I finished another dress this weekend, it was really easy to put together. It's from a 1968 McCall's pattern.

I am not really in love with it. It was easy to make, but it made up huge so I had to add in all sorts of darts, take in the sides, and add a sash/belt so it doesn't look like a sack of potatoes on me. The fabric I've had sitting in my basement for the past year, I got it at a yard sale from an old lady last summer. The pocket lids/tops (I don't know what the right word is) are vintage and hand embroidered...they were from a table runner I salvaged from my grandparents place a couple years ago. It had some grease stains on it, so I never used it, so I was glad to find something to use it for.

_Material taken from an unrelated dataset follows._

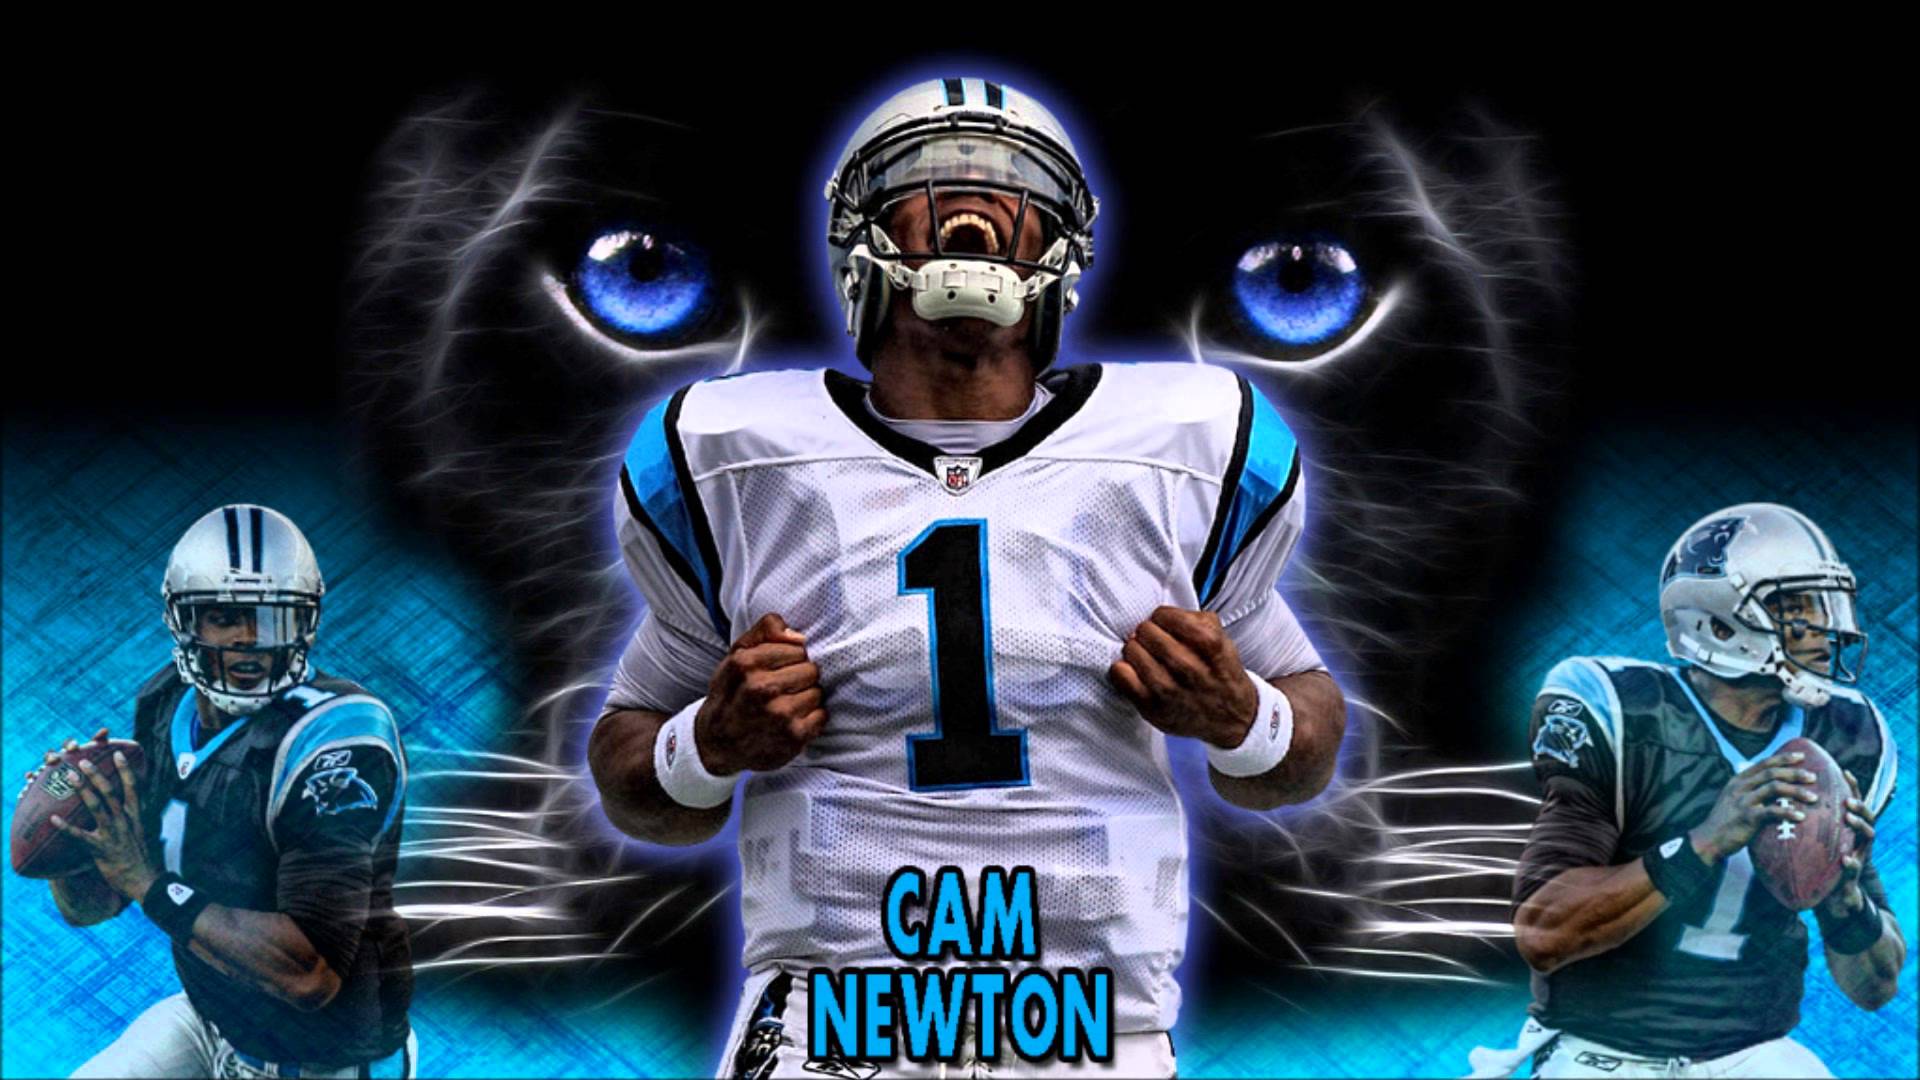 HD desktop wallpaper featuring Cam Newton in his football uniform with a dynamic background and stylized graphics.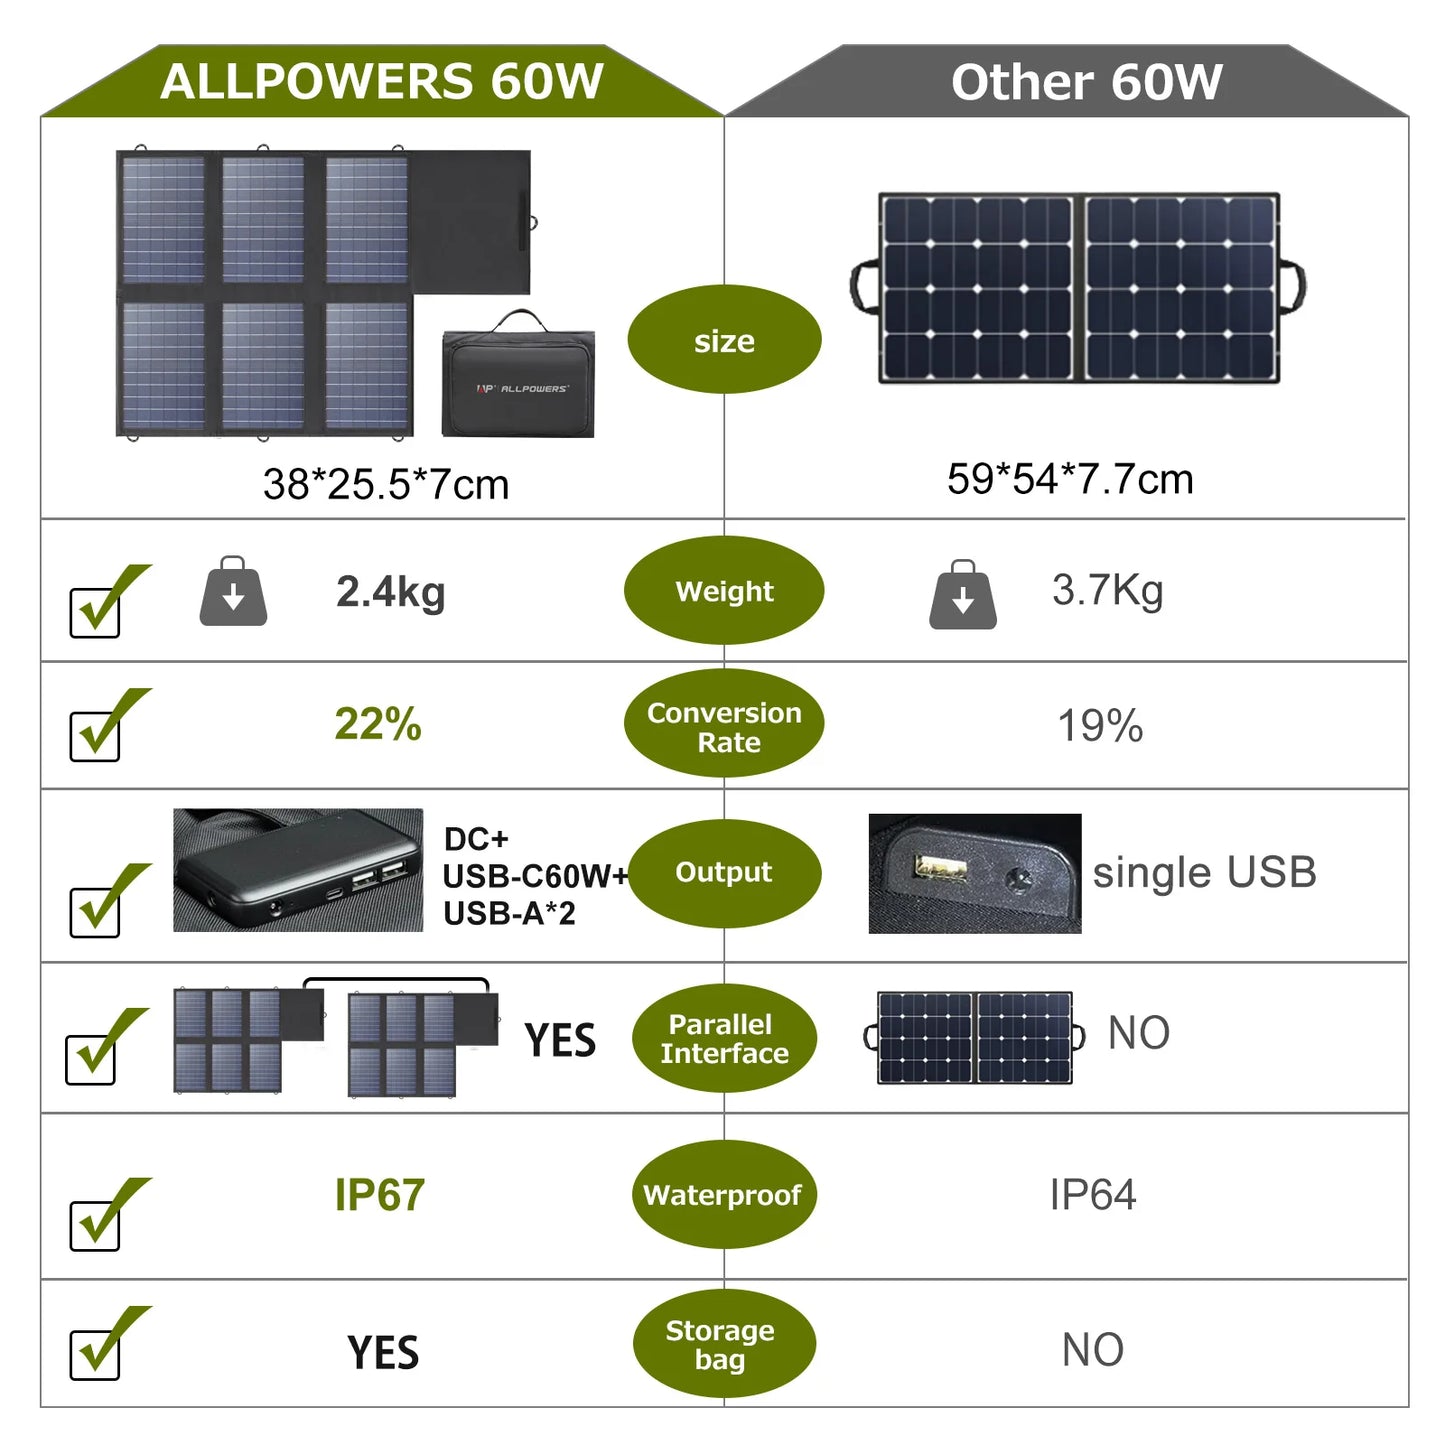 ALLPOWERS Solar Panel 60W Foldable Solar Charger with 18V DC + 5V USB + USB-C - Inverted Powers

Lately I have just poured myself into sewing...I just am trying to keep my hands and mind busy! I guess I am feeling slightly bummed out on life, for various reasons, and I just don't want to think or deal with anything. I guess one of the things I can actually discuss is my longing for friends into vintage or sewing in the city. Even just one friend who I could go shopping with at vintage shops! It's extremely frustrating feeling like I have no one else who is interested in such an important part of my life. I don't know...I guess I have been known for falling into bouts of loneliness and melancholia, and maybe nothing would help it feel better....but for some reason I really feel like knowing someone on the same wavelength with me would help!